For estimating defensive innings you want to use a combination of PA’s and defensive chances. There really isn’t a decent published method out for estimating defensive innings. The method used in the STATS All-Time Handbook works fairly well for infielders, but it’s accuracy for outfielders is horrible. I don’t know what method Clay Davenport uses for estimating defensive innings (he uses adjusted games), but it is very accurate. That is why I downloaded the Davenport translation pages. I converted his adjusted games into defensive innings using the average number of team IP per game for each season. If you want, I can email you my fielding table.


#42    Dackle      (see all posts) 2009/05/31 (Sun) @ 20:42

I guess I’m just hung up on the .662 coefficient—I don’t see how a walk is .662 of a DP opportunity but so is a double or triple (H-HR). Should the formula be:

.662(H – HR) + BB + HB + .575(E)


#43    terpsfan101      (see all posts) 2009/05/31 (Sun) @ 22:20

You can only have a DP with 0 or 1 out. So you use apporoximately 2/3 the number of estimated runners on 1st base in the DP opportunities formula.

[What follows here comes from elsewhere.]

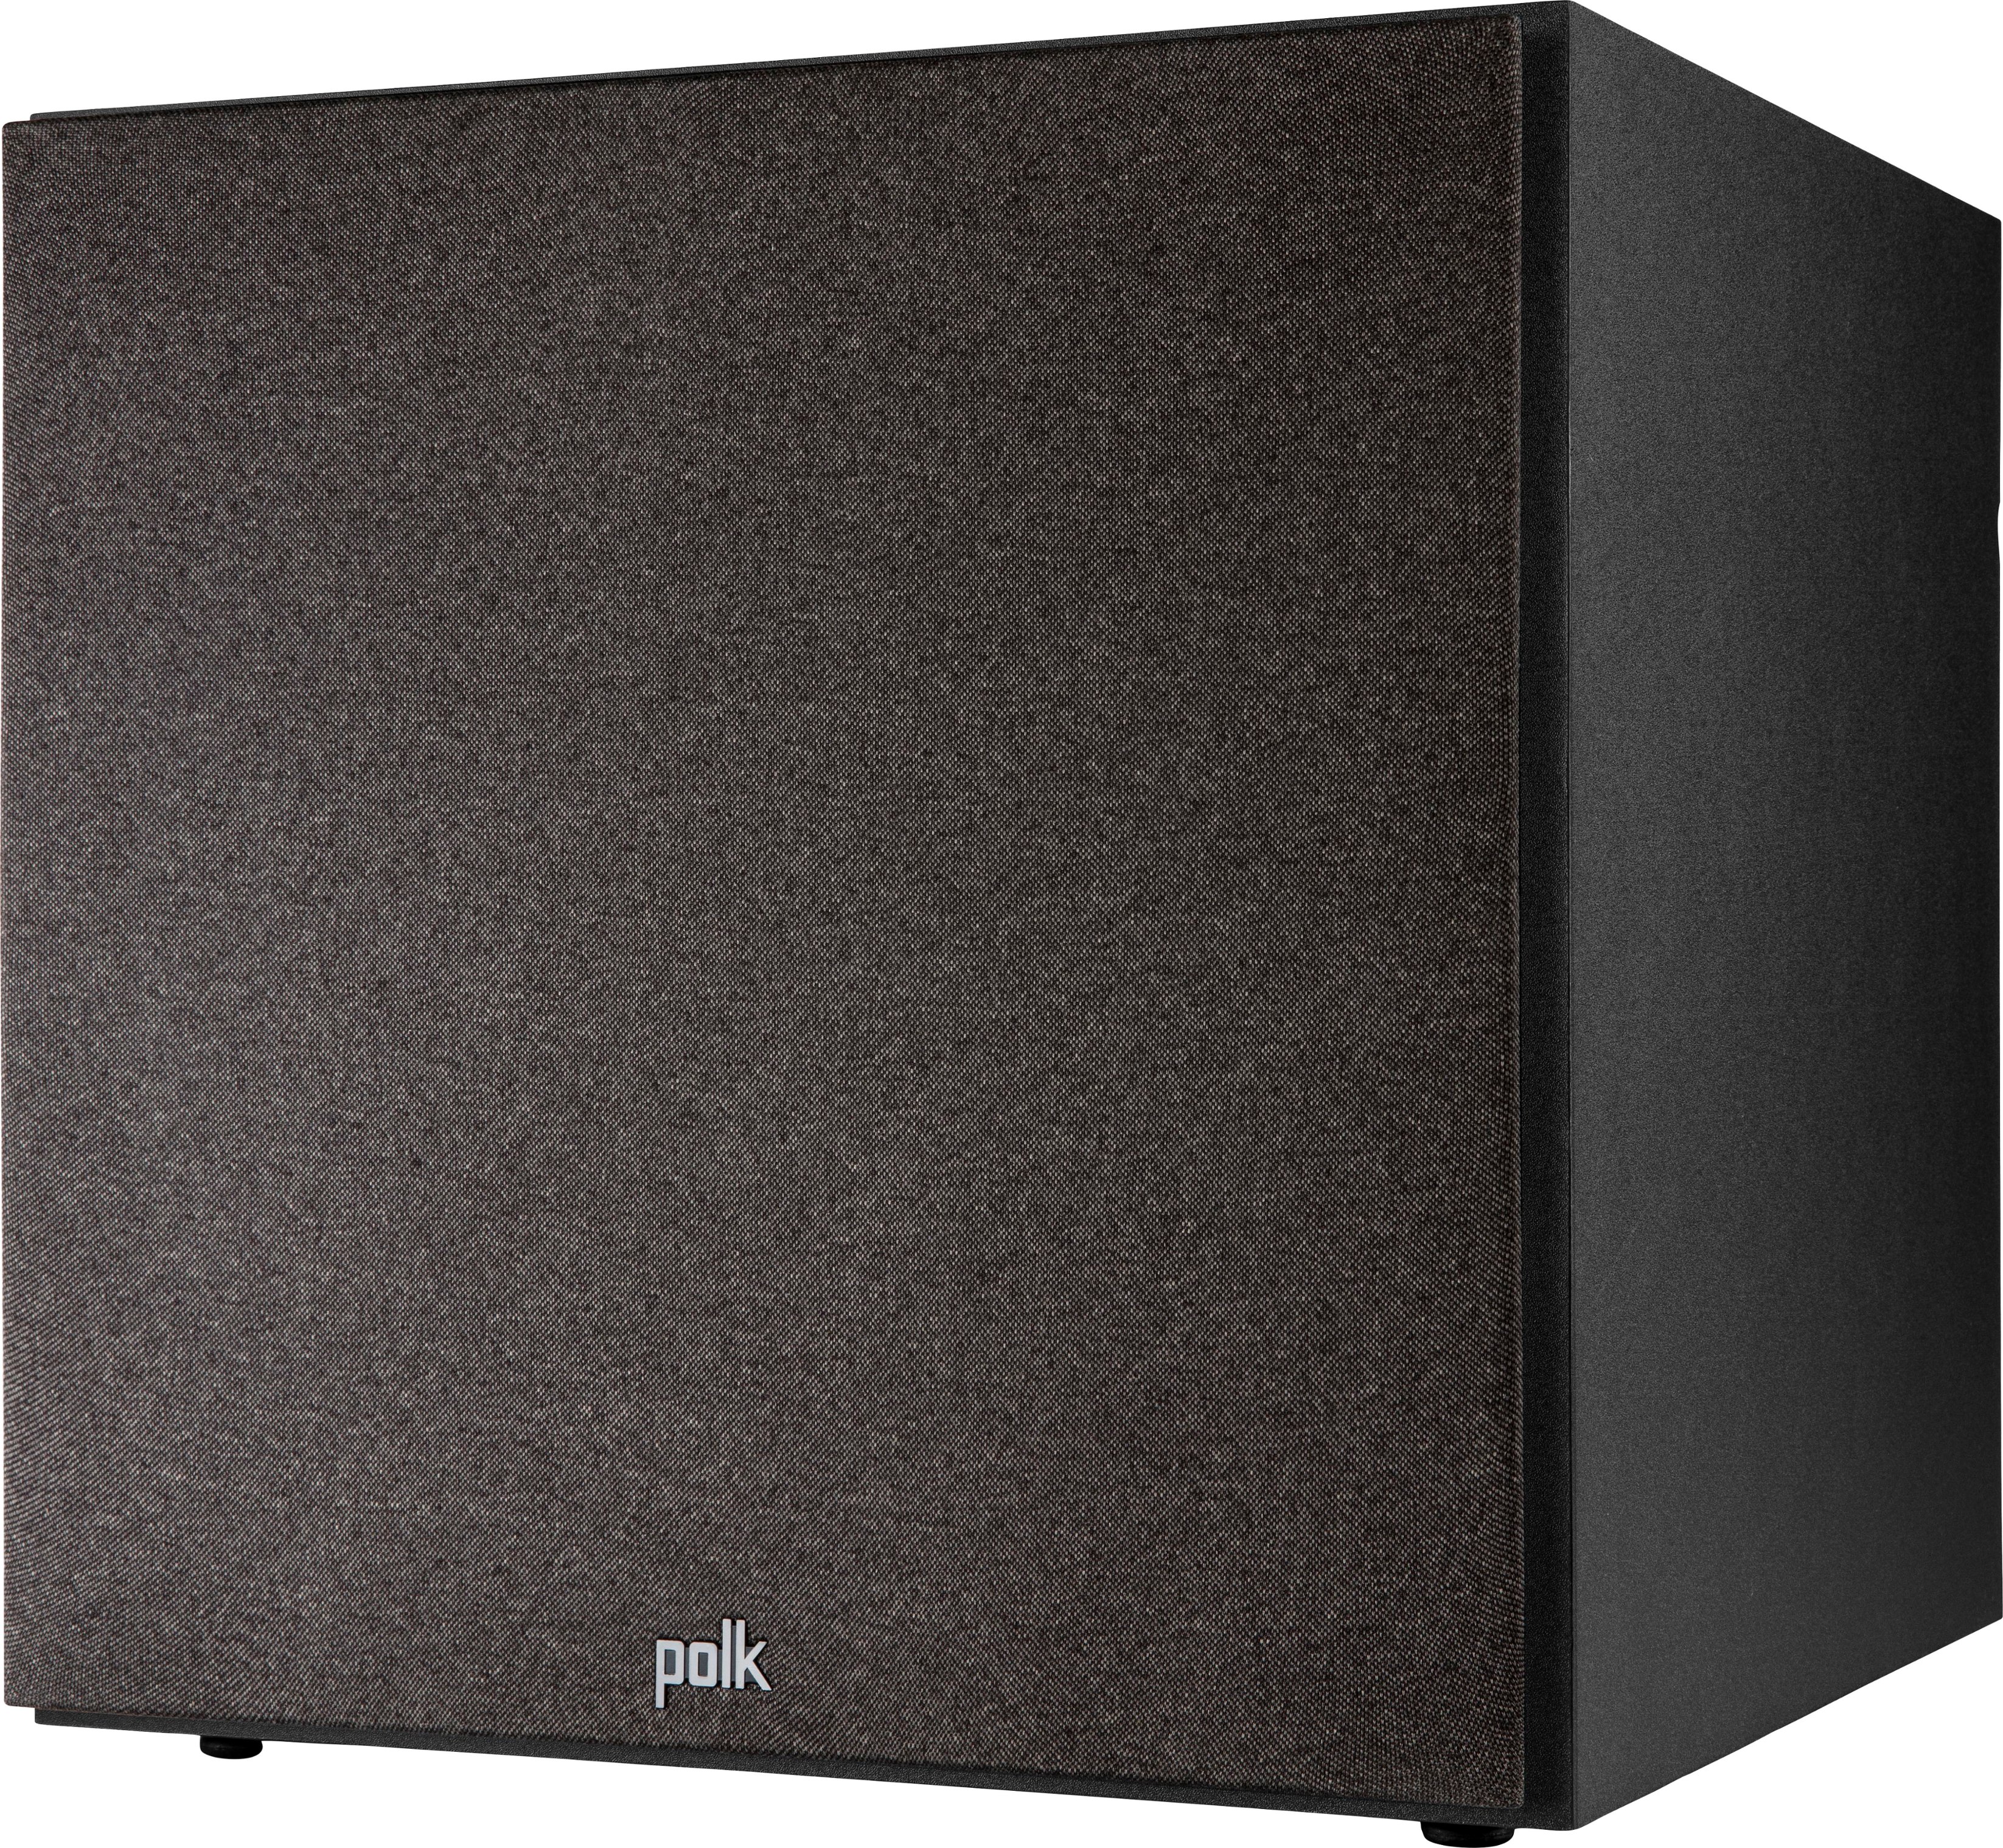 Angle View: Polk Audio - Polk – Magnifi 2 Home Theater Sound Bar with 3D Audio, 4k Compatible, Chromecast built in, wireless subwoofer - Black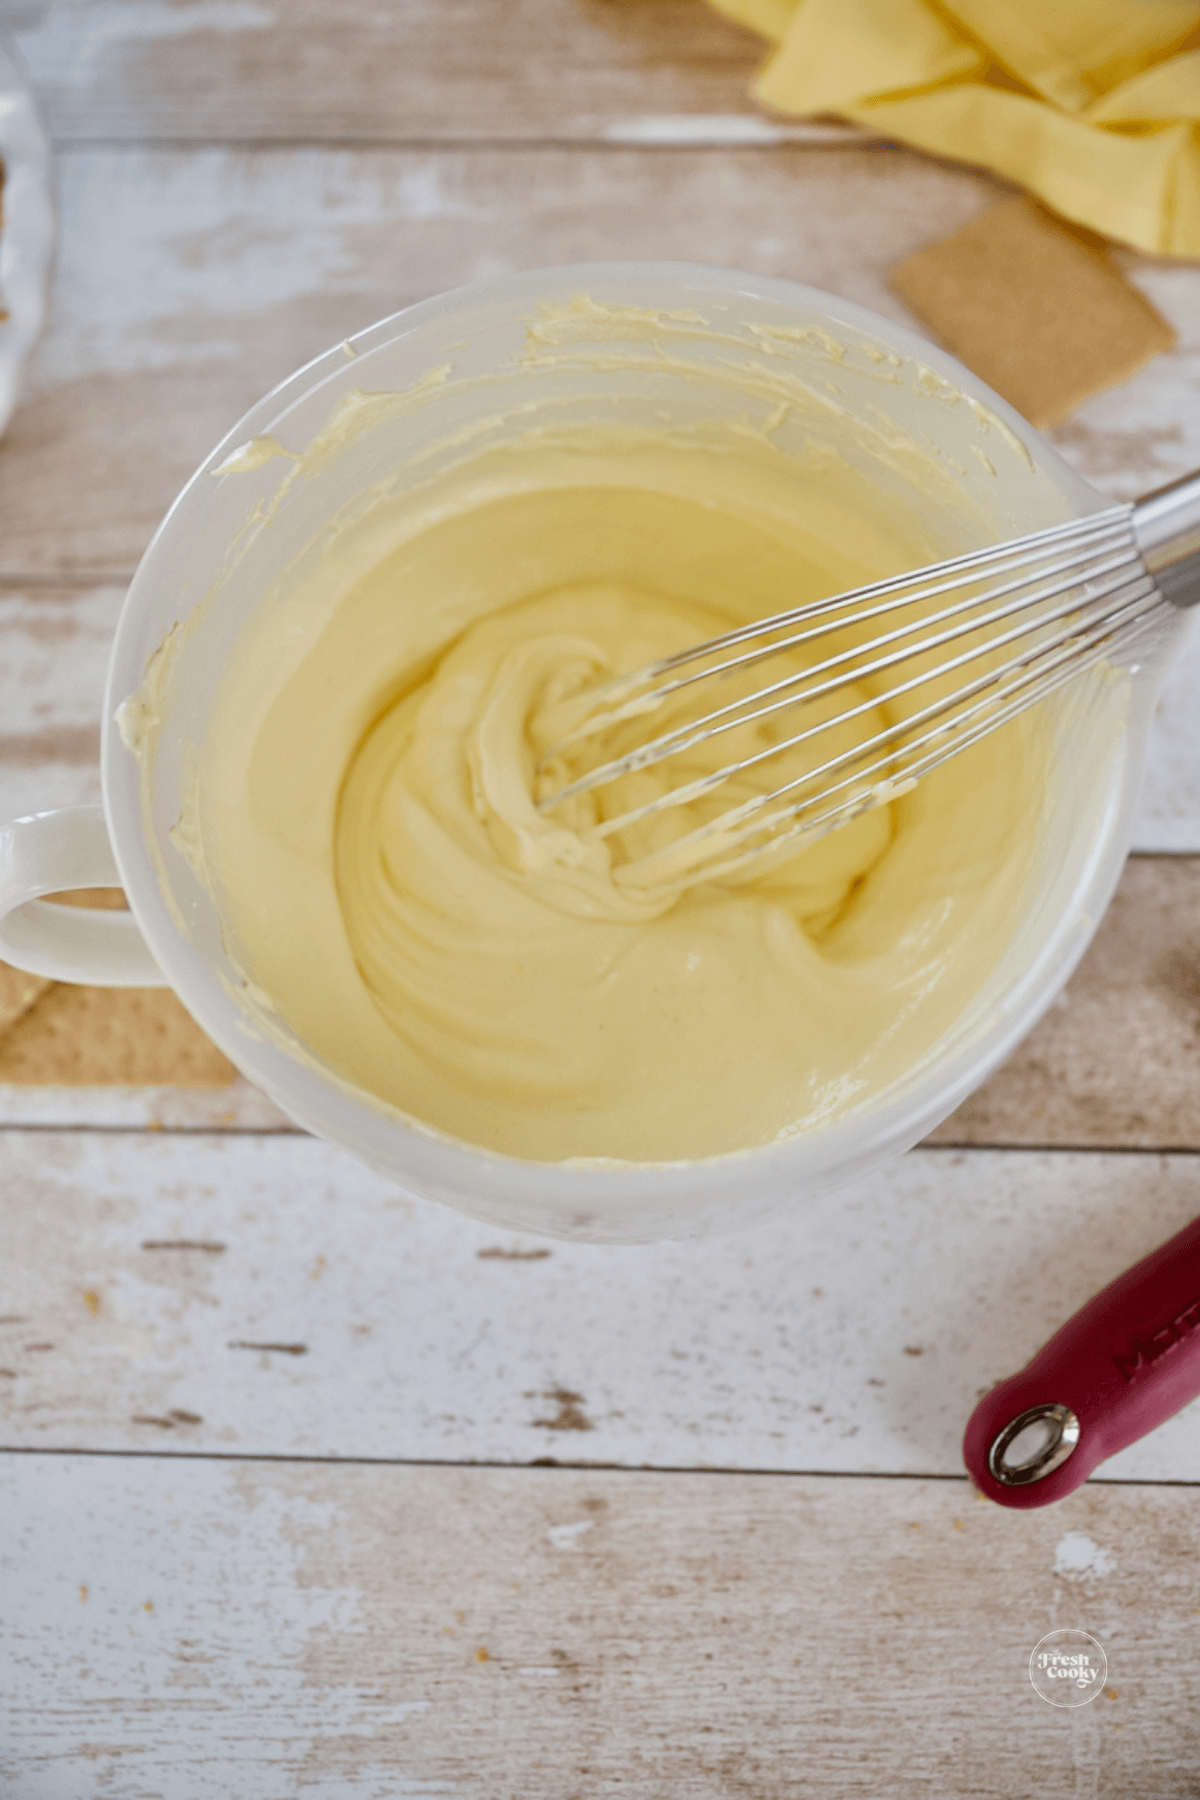 Quickly whisk to completely combine, don't over do it.

#44    Dackle      (see all posts) 2009/05/31 (Sun) @ 23:19

Ah, that makes sense. I always figured the DP conversion rate would account for the two-out situations (ie measuring players against a baseline of either .108 DPs for every DP opp, or .086 for every runner on 1st—should be roughly equivalent). Still, probably best to measure the precise # of opps as you’ve done.

I’m still not sure why you aren’t estimating singles. Your formula works out to: .662 * (1B + 2B + 3B + BB + HB + .575*E). I thought maybe you’d do something like .662*(((H-HR)*.747)+BB+HB+(.575*E)), although the .662 would have to increase a bit. If the #s are available it might be worth subtracting out SH, WP, BK, PB, as they also remove potential runners on 1st. SH+WP+BK+PB totalled 3,558 last year vs 1,672 for HP and 1,712 for ROE.


#45    terpsfan101      (see all posts) 2009/05/31 (Sun) @ 23:26

Dackle, it isn’t my formula. It’s Pete Palmer’s formula. I’m working on a better one.


#46    Chris Dial      (see all posts) 2009/06/01 (Mon) @ 11:00

What is the plan to compensate for being off of chances based on BIP data?  How do we know who is a bad fielder and who simply didn’t have balls hit over tehre?


#47    Colin Wyers      (see all posts) 2009/06/01 (Mon) @ 12:04

I’m still regrouping after my little weekend trip - there’s a lot of great discussion here about figuring out plays made, and I hope to dive into that soon enough.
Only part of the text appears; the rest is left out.